Top of PROVIDED MATERIAL

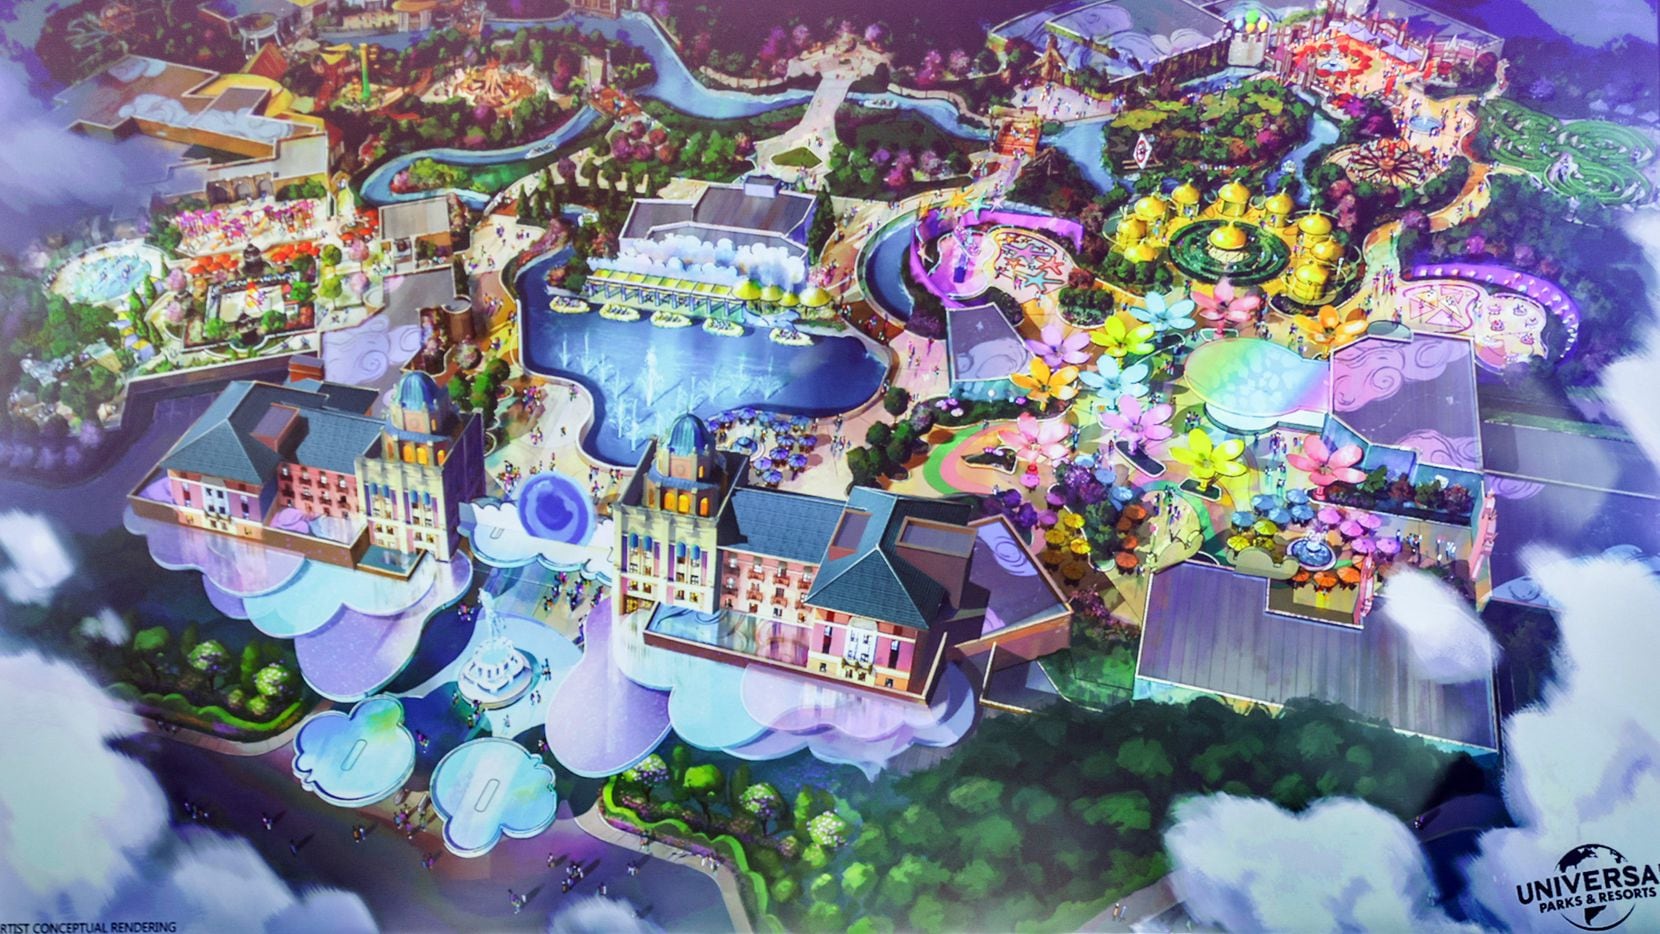 A rendering of what will be a Universal Studios theme park in Frisco.
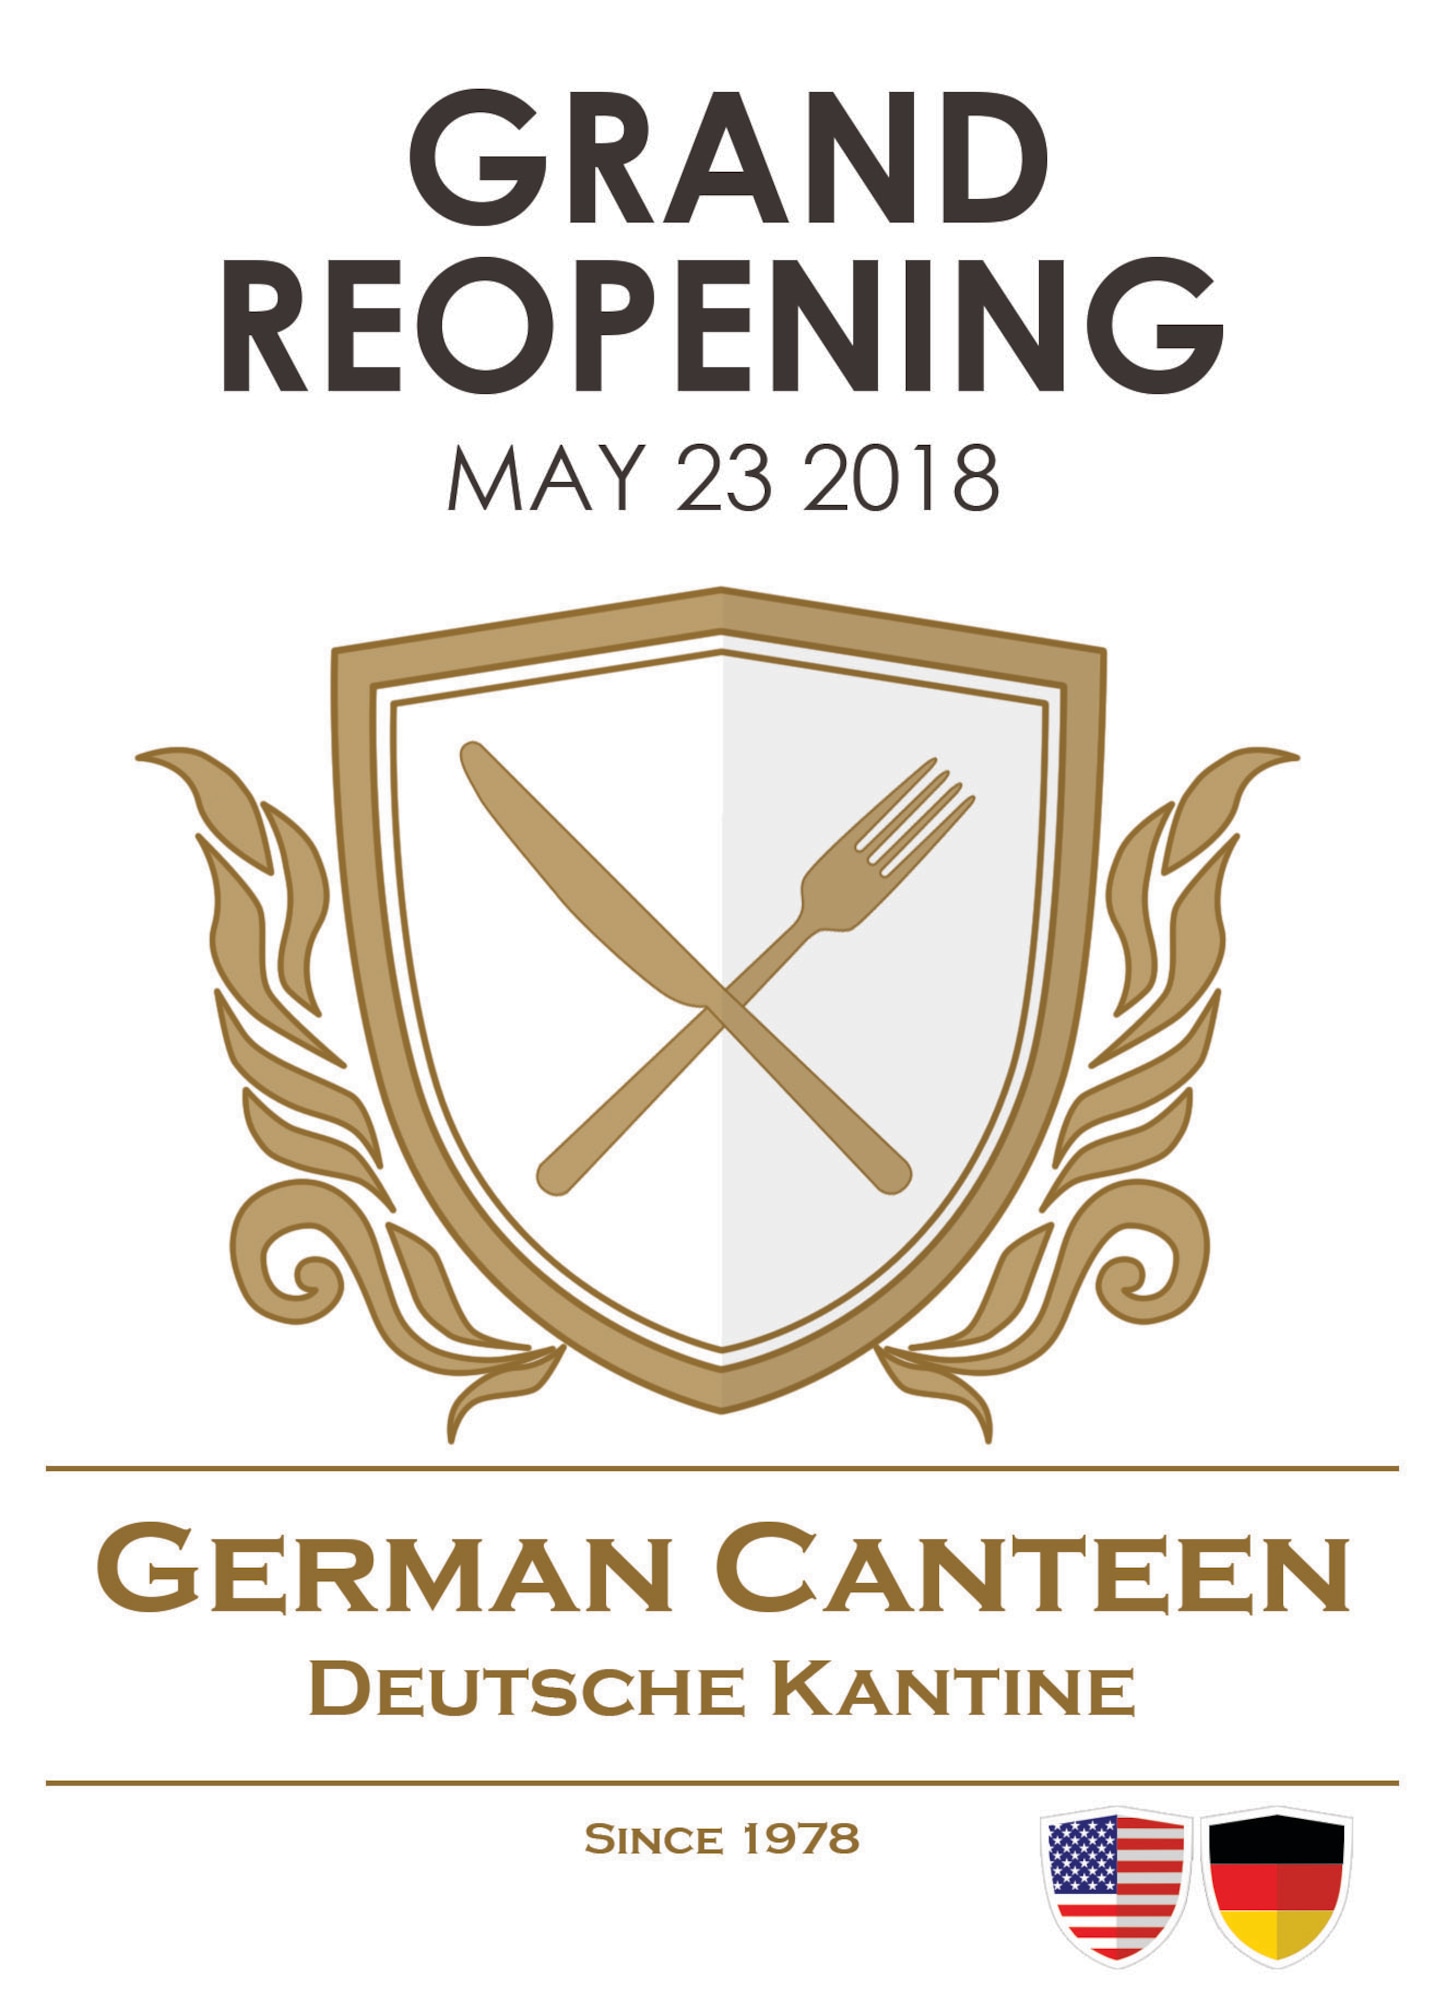 After several months of renovations, the German Canteen on Ramstein Air Base, Germany, will reopen to the public May 23, 2018 at 6 a.m.
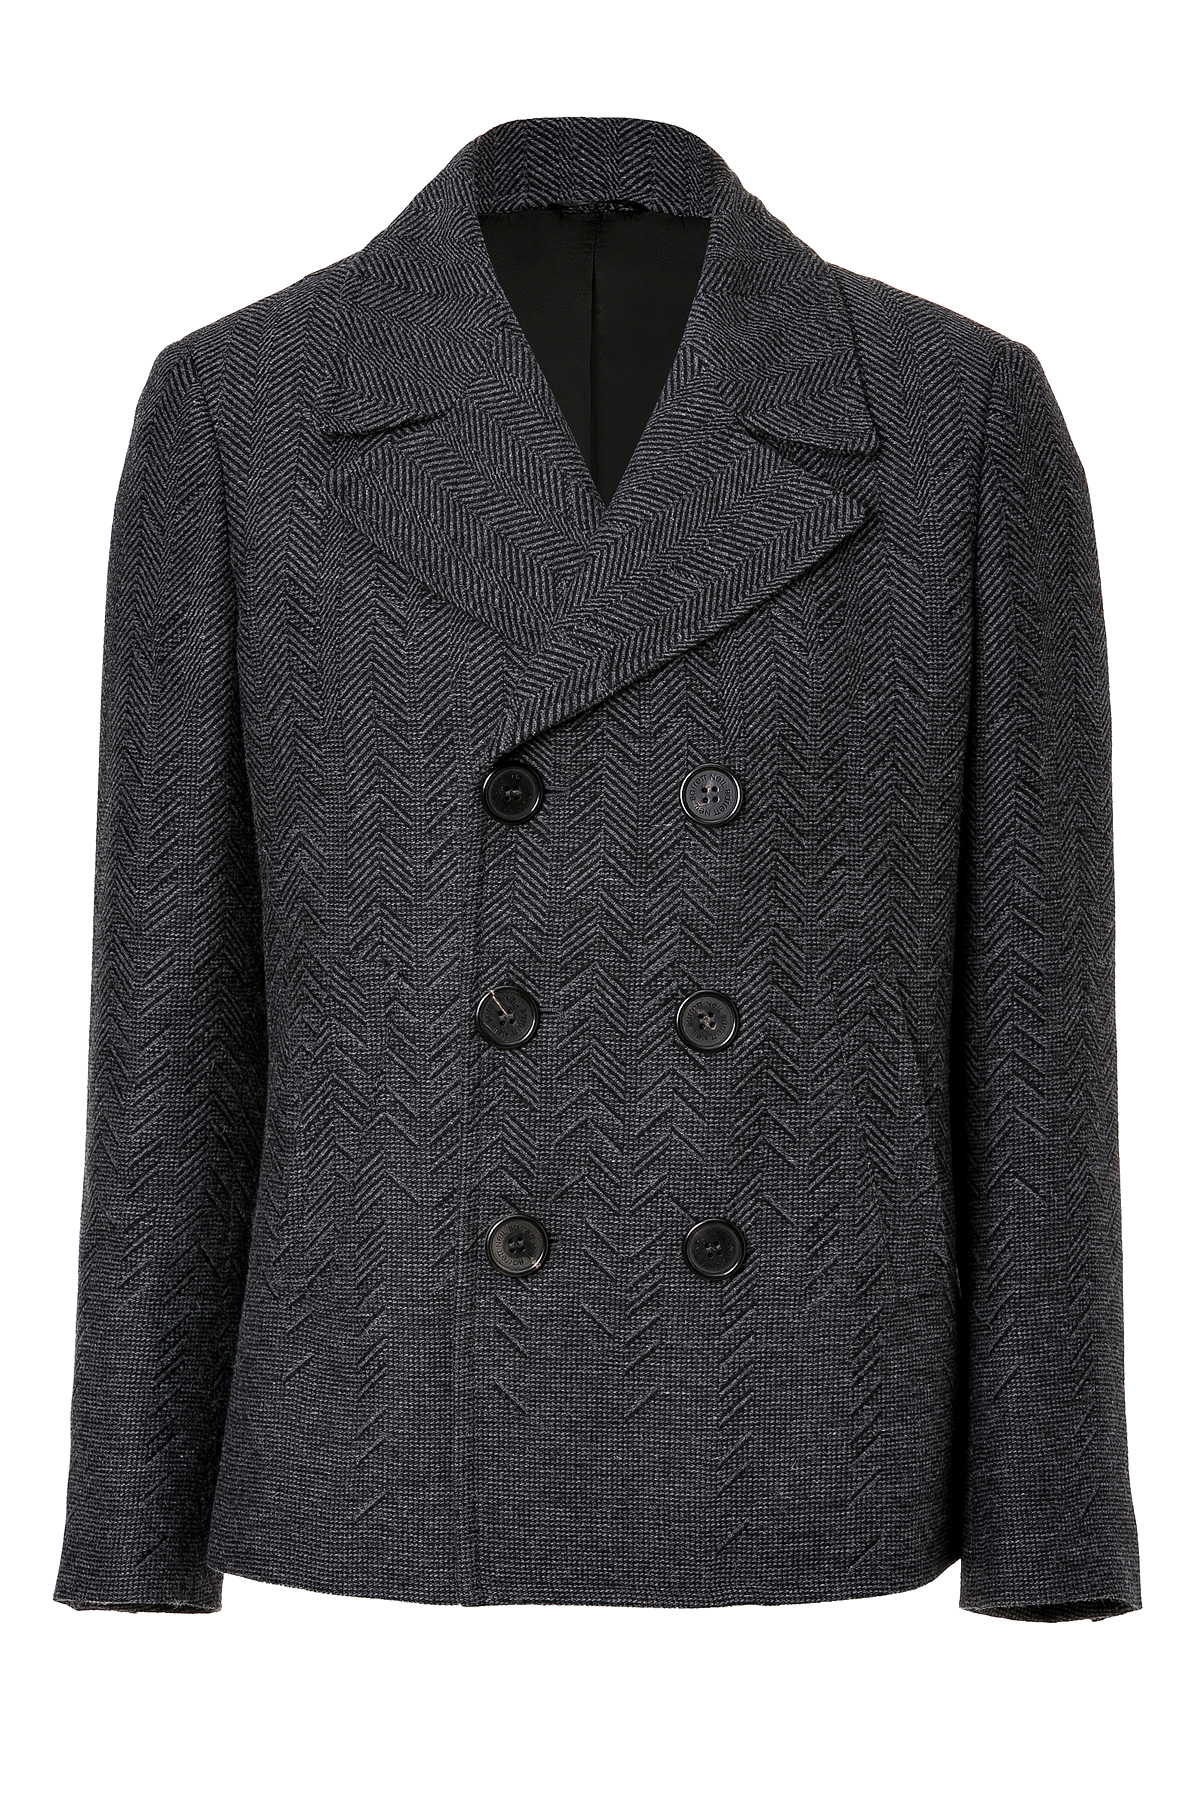 Neil Barrett Charcoal Houndstooth Pea Coat in Gray for Men (charcoal ...

Bottom of PROVIDED MATERIAL

TASK TO COMPLETE ▸ Please leave the images out and retype the rest of the material exactly.

OUTPUT OF THE TASK ▸
 A rendering of what will be a Universal Studios theme park in Frisco.
 After several months of renovations, the German Canteen on Ramstein Air Base, Germany, will reopen to the public May 23, 2018 at 6 a.m.
 Neil Barrett Charcoal Houndstooth Pea Coat in Gray for Men (charcoal ...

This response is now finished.